B2C事業は2023年2月に商品販売を開始したばかりで、現状はB2B事業が収益の大半を占めている。
質問:
この分野に対する市場のポテンシャルは。
答え:
世界の代替肉市場は2023年に1,000億ドルで、食用昆虫市場は2030年に80億ドルになるとされている。代替タンパク質として実写 版 ブラック ジャック原料を使用する食品は、ベトナム市場ではまだ導入期であるが、われわれは自社の製品に確かな可能性を感じている。第1に、全量をベトナムで現地生産しているため、(原料を輸入する場合と比較して)仕入れ量や生産計画に大きな負荷がかからない。第2に、創業メンバーはベトナム人で、ベトナムの文化を理解しているため、消費者や顧客とのコミュニケーションが容易だ。第3に、民間調査会社の消費者調査では、ベトナムの消費者の半数以上が商品購入の際に「グリーン」と「健康」を意識しているという結果が出ており、日々のマーケティングを通じても、代替タンパク源への関心が高まっていると実感している。最後に、ベトナムの人口は1億人で、新しいことへの挑戦に前向きな若い層が多いことも魅力だ。
質問:
この分野に対するベトナム市場での困難な点は。
答え:
実写 版 ブラック ジャックを食用に使用するというのはまだ新しい考え方だ。そのメリットを消費者に効果的に伝えるのは難しい面もあるが、その斬新さが人々の興味と好奇心を刺激している。従来、家畜の餌用に実写 版 ブラック ジャックを養殖するケースはあったが、統一された手法や基準がないまま養殖や加工を行っていたため、品質が安定していないという生産上の課題もあった。当社では、一貫した品質基準を維持するため、養殖工場の水質、温度のコントロールなど、あらゆる面で養殖に最適な環境づくりのための研究や改善を行っており、実写 版 ブラック ジャックを原料とする製品は7年以上の供給実績を有する。
質問:
今後の事業計画は。
答え:
製品開発と流通に関して、以下を進めている。
  • 製品開発:2024年には、実写 版 ブラック ジャックから抽出したタンパク質、脂肪、キチン(注3)を加水分解・精製し、さまざまな主流食肉代替製品の原料として使用する。また、「Rec Rec」ブランドの実写 版 ブラック ジャックスナック菓子を、個人消費と家族消費の両方のニーズに対応にしたサイズで発売する。

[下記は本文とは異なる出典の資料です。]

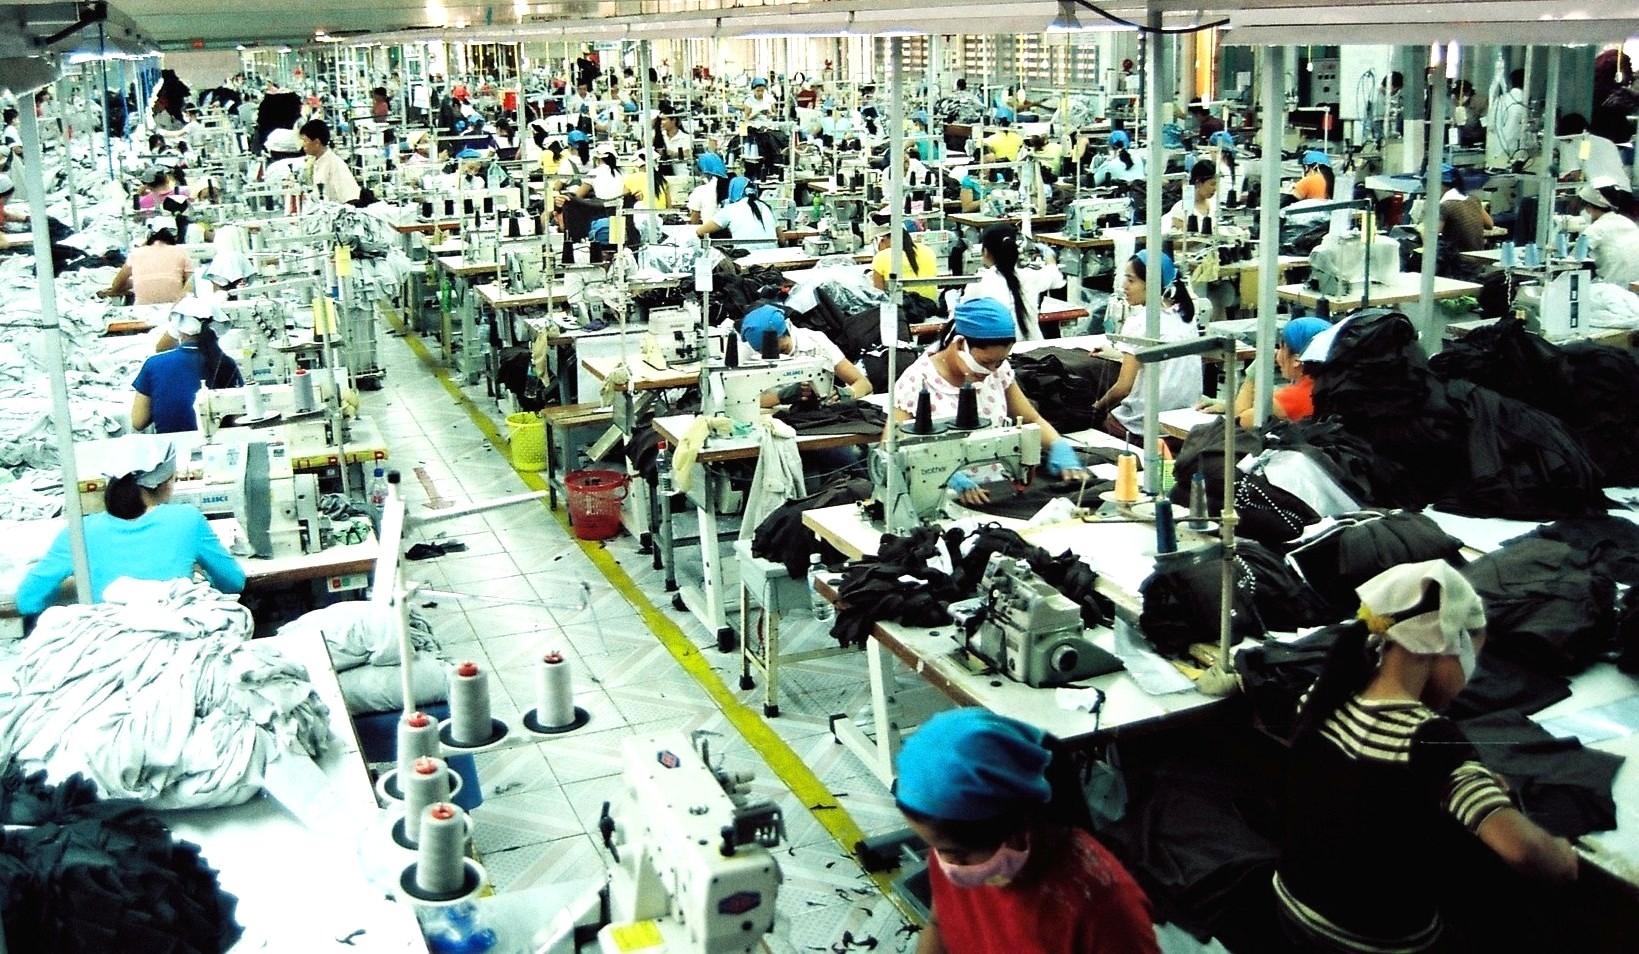 10 sự kiện nổi bật của công nghiệp - thương mại Việt Nam năm 2012
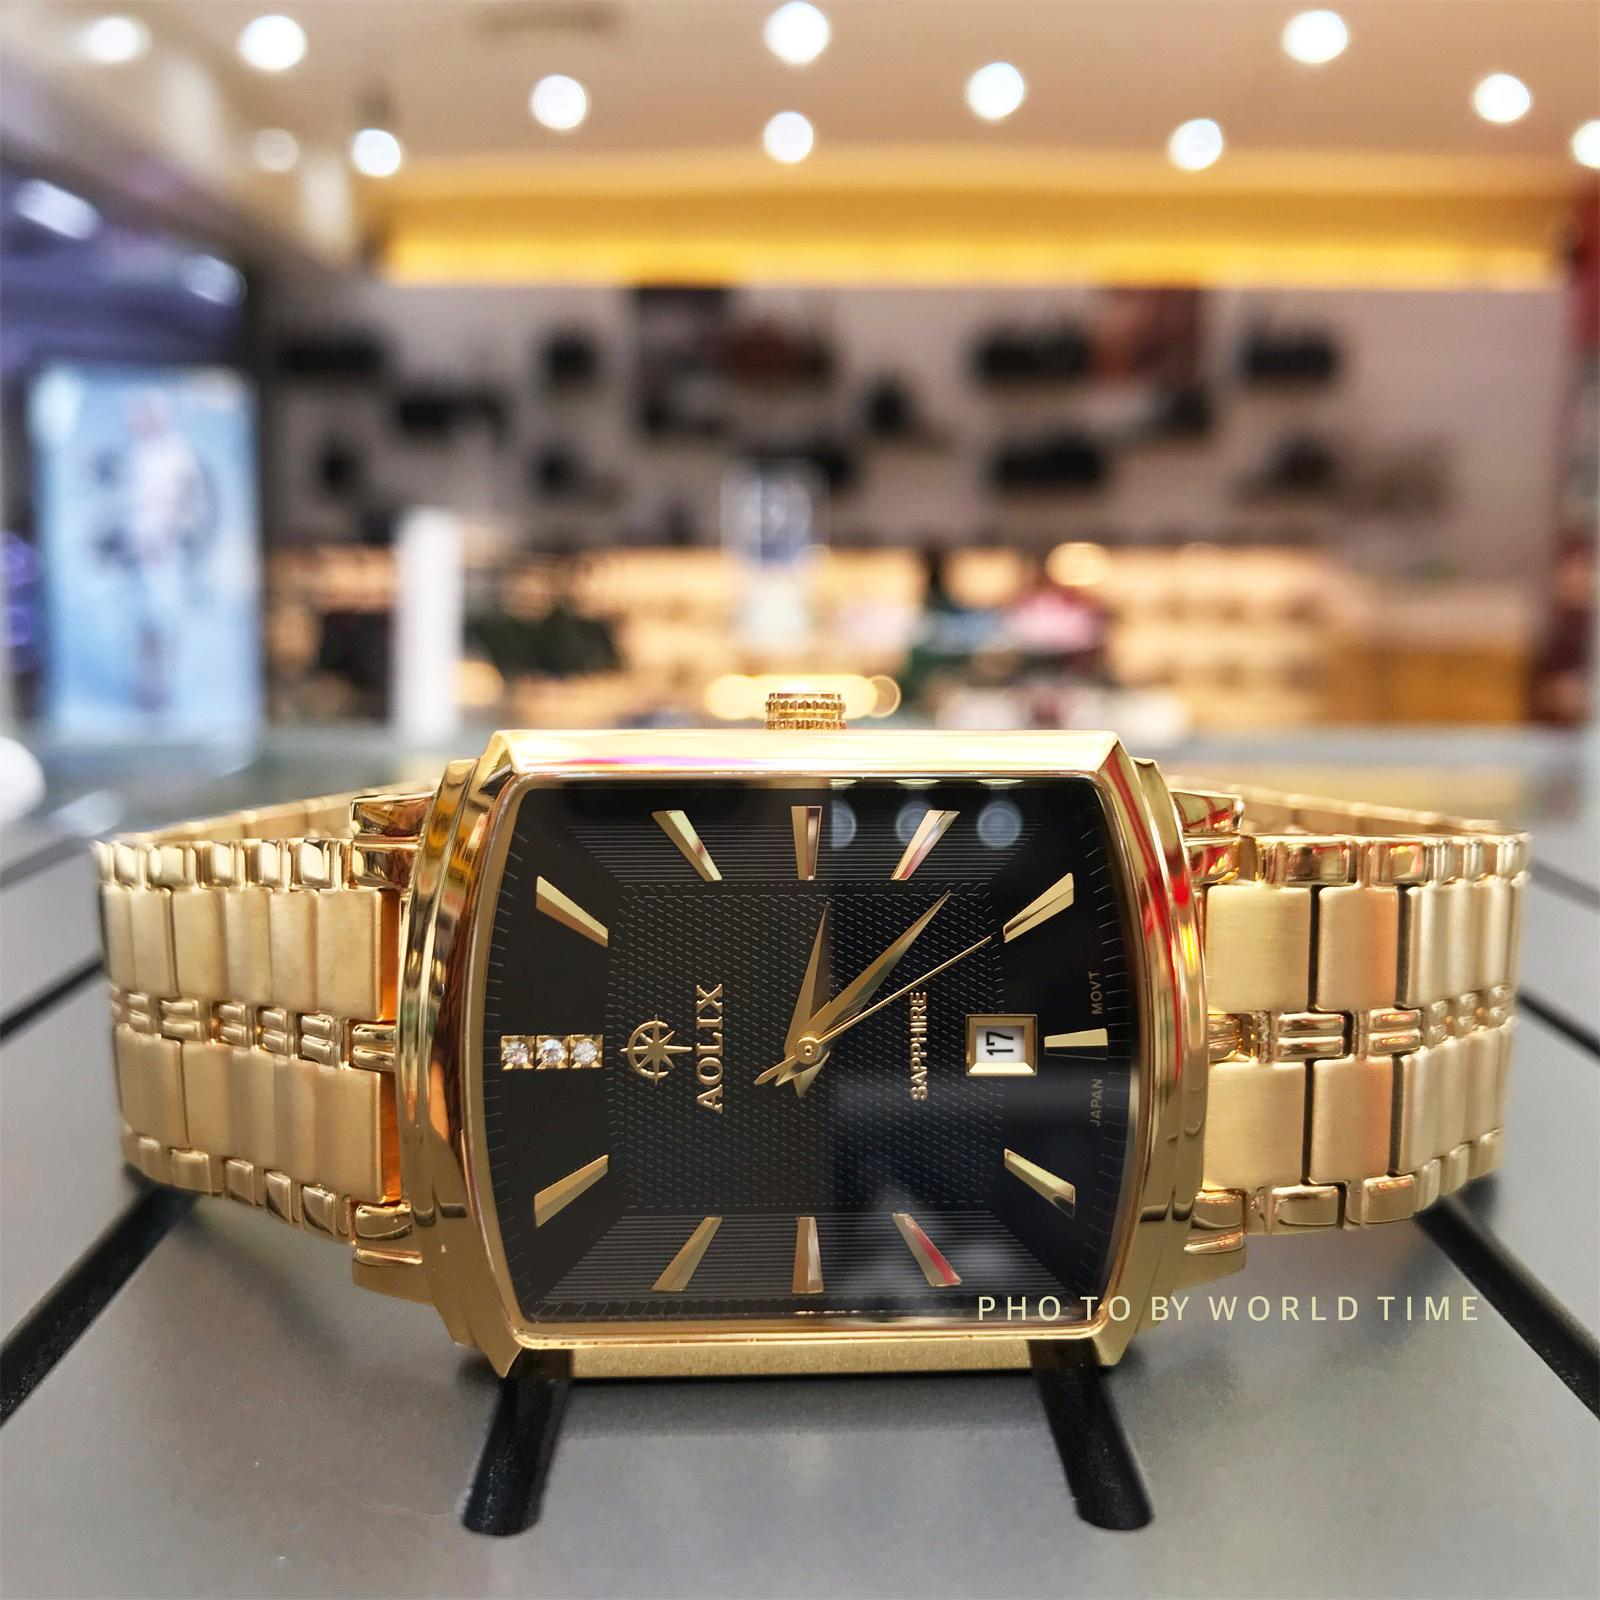 Nơi bán Đồng hồ nam Aolix AL9099G  Full Hộp ,Thẻ Bảo Hành Hãng, Kính Sapphire Chống Xước Chống Nước, Mặt Đen Màu Vàng Dây Thép

  • 流通チャネル:2024年後半に一般家庭向け商品をシンガポール市場に展開する。ベトナム市場では、2024年10月には実写 版 ブラック ジャック原料の新たなスナック製品を発売し、商品の多様化を図る。
質問:
日本企業に期待することは(注4)
答え:
日本企業に対しては、(1)製品の共同開発(2)Rec Recの製品を日本とベトナムで拡販することができる小売企業との提携、(3)Rec Recの事業と製品開発のための資金調達での協力に期待したい。

注1:
ジェトロの調査レポート「東南アジアにおけるイノベーション創造活動に関する調査」(2022年8月)「概要版」P9、「調査報告書」P14を参照。ベトナムは、(1)1億人に増加した人口を背景とした消費市場拡大への期待、(2)依然として金融、交通・物流、医療などを中心とした多くの社会課題が山積、(3)高いインターネット利用率や、デジタルネーティブである若年層人口が豊富なことを背景としたリープフロッグ現象の出現などの観点から、インドネシアなどとともに、「コンシューマードリブン(Consumer-driven)イノベーション」 の地として分類される。
注2:
同社には2020年9月にもインタビューを実施(関連トランプ ゲーム ブラック ジャック)。
注3:
不溶性食物繊維の1つ。カニやエビなどの甲殻類の殻から、たんぱく質やカルシウムを取り除いて精製された動物性の食物繊維 。
注4:
このスタートアップへの取り次ぎを希望する場合は、ジェトロ・ホーチミン事務所(VHO@jetro.go.jp)まで連絡を。
執筆者紹介
ジェトロ・ホーチミン事務所 事業統括ディレクター
三木 貴博(みき たかひろ)
2014年、ジェトロ入構。実写 版 ブラック ジャック見本市課、ものづくり産業課、ジェトロ岐阜を経て実写 版 ブラック ジャック調査部アジア大洋州課にてベトナムをはじめとしたASEANの調査業務に従事。2022年7月から現職。